STEPHEN SHAPIRO, NICK CELLINO, CHRIS DIMINO: Hosts of a morning show on 790 The Zone in Atlanta mocked Steve Gleason, the former New Orleans Saints player who is battling ALS. Correction: former hosts.

T.O.Y. RING OF HONOR (2008) -- FRISKY BILLS FANS: During a game against the Jets, Buffalo law-enforcement officials arrested a couple having sex in a restroom of Ralph Wilson Stadium. I'm supposed to provide a wholesome punch line here suitable for all audiences, but everything I came up with includes the phrase "wide right."

RACING BEARS FANS: That footrace GIF between two hammered Bears fans is the perfect metaphor for every football season in Chicago: starts fast with lots of excitement and anticipation, quickly veers violently off-course, ends in total, stomach-churning disaster with fans in severe pain and on-lookers laughing and screaming "holy $#!%, dude." You can see it here, albeit with the aforementioned salty language at the end.

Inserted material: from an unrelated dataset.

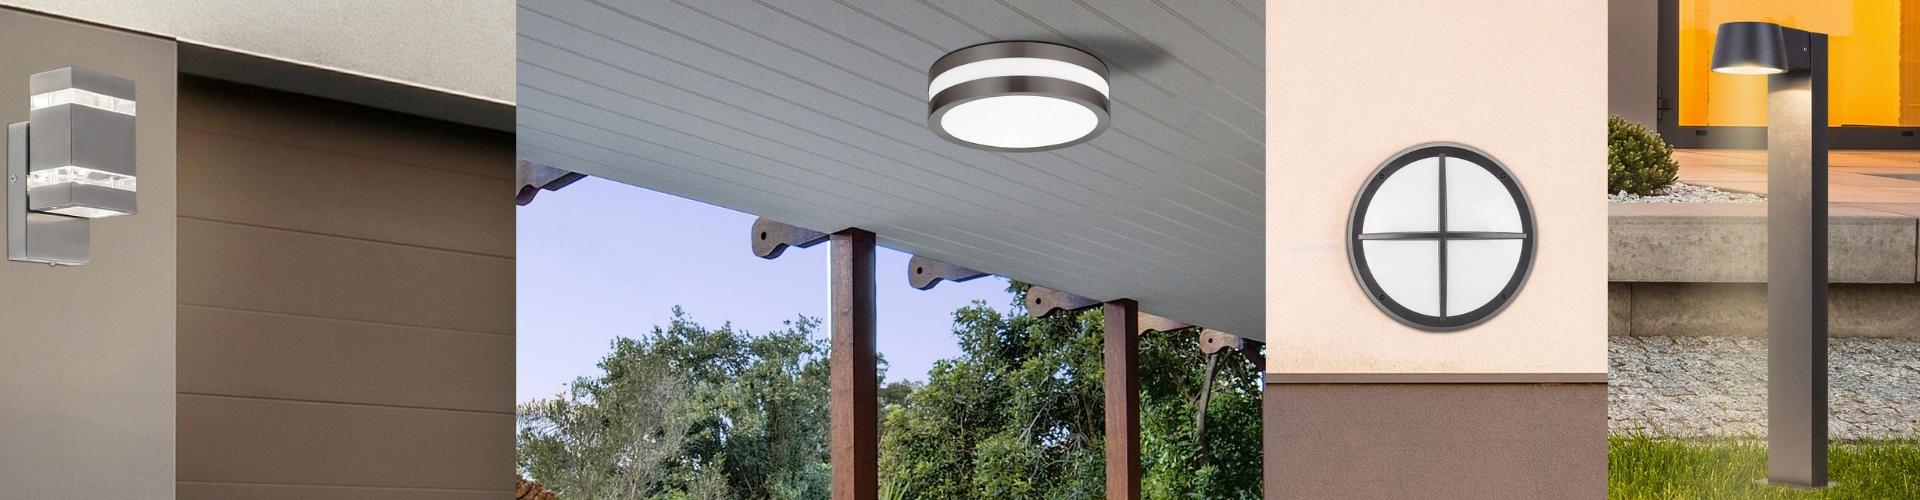 Osvětlení se zabudovaným senzorem
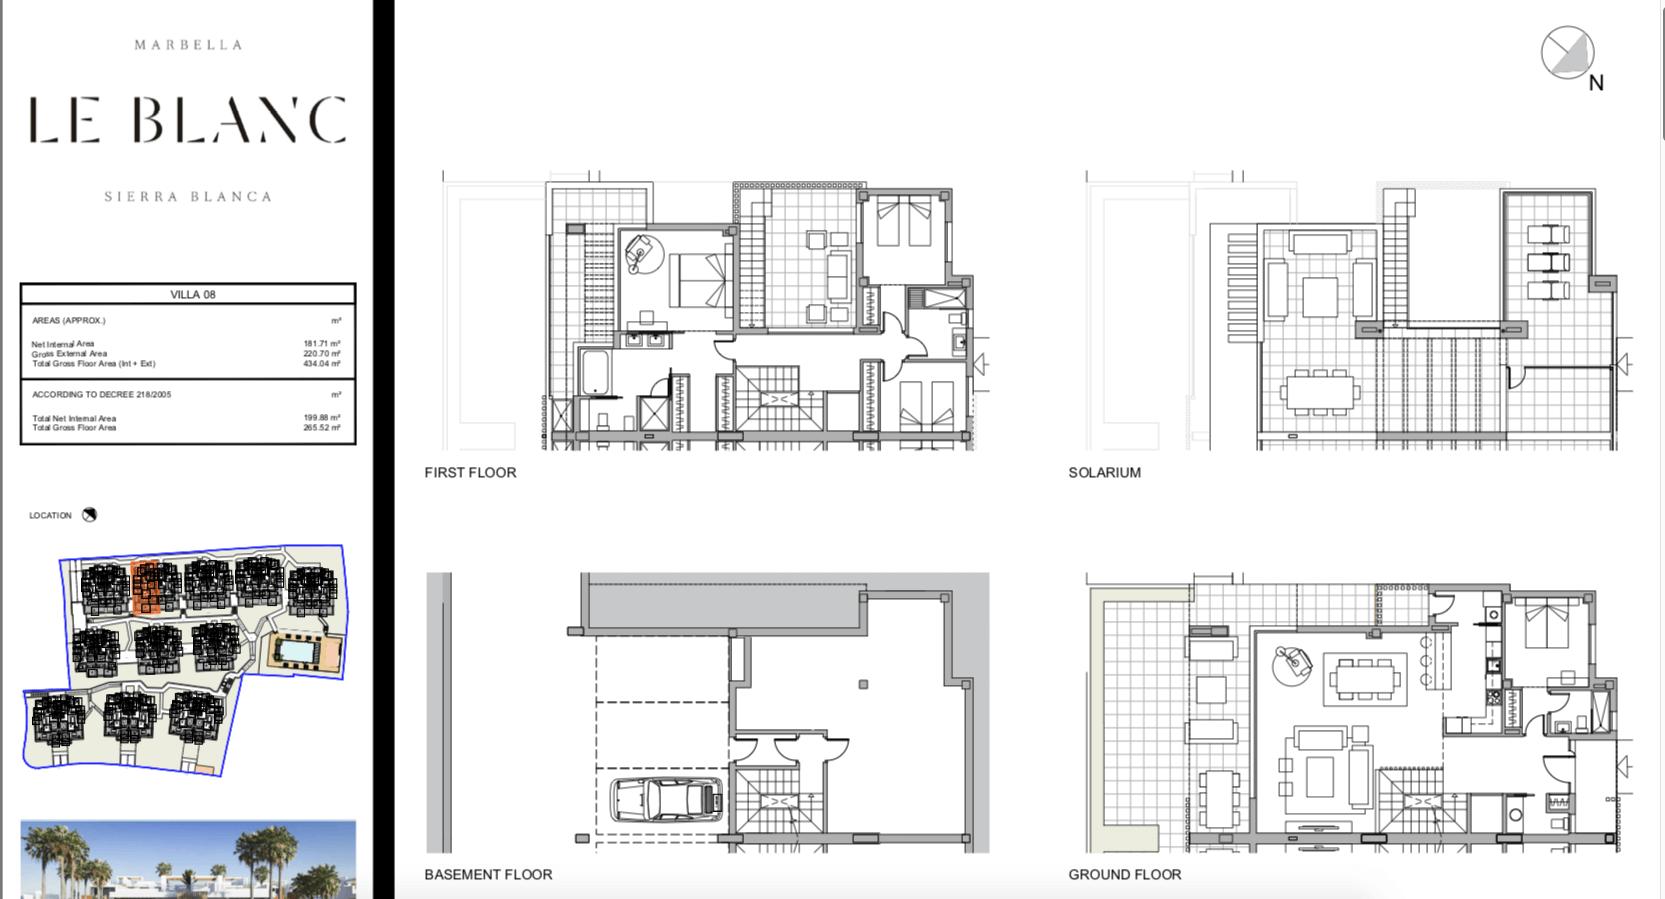 le blanc marbella sierra blanca exclusief spanje design villa te koop luxe grondplan

CFL: Several members of the Hamilton Tiger-Cats suffered frostbite while preparing for the Grey Cup in Saskatchewan after temps fell to 3 degrees. Forcing players and fans to suffer through horrible winter conditions during the championship event was just the CFL's way of trying to be more like the NFL.

T.O.Y. WRITE-IN BALLOT: Time to tweet your own nominations to @FlemESPN.

Happy Thanksgiving, everybody.

And no matter who wins this year, remember dear Flem Filers, you're all Turkeys of the Year to me.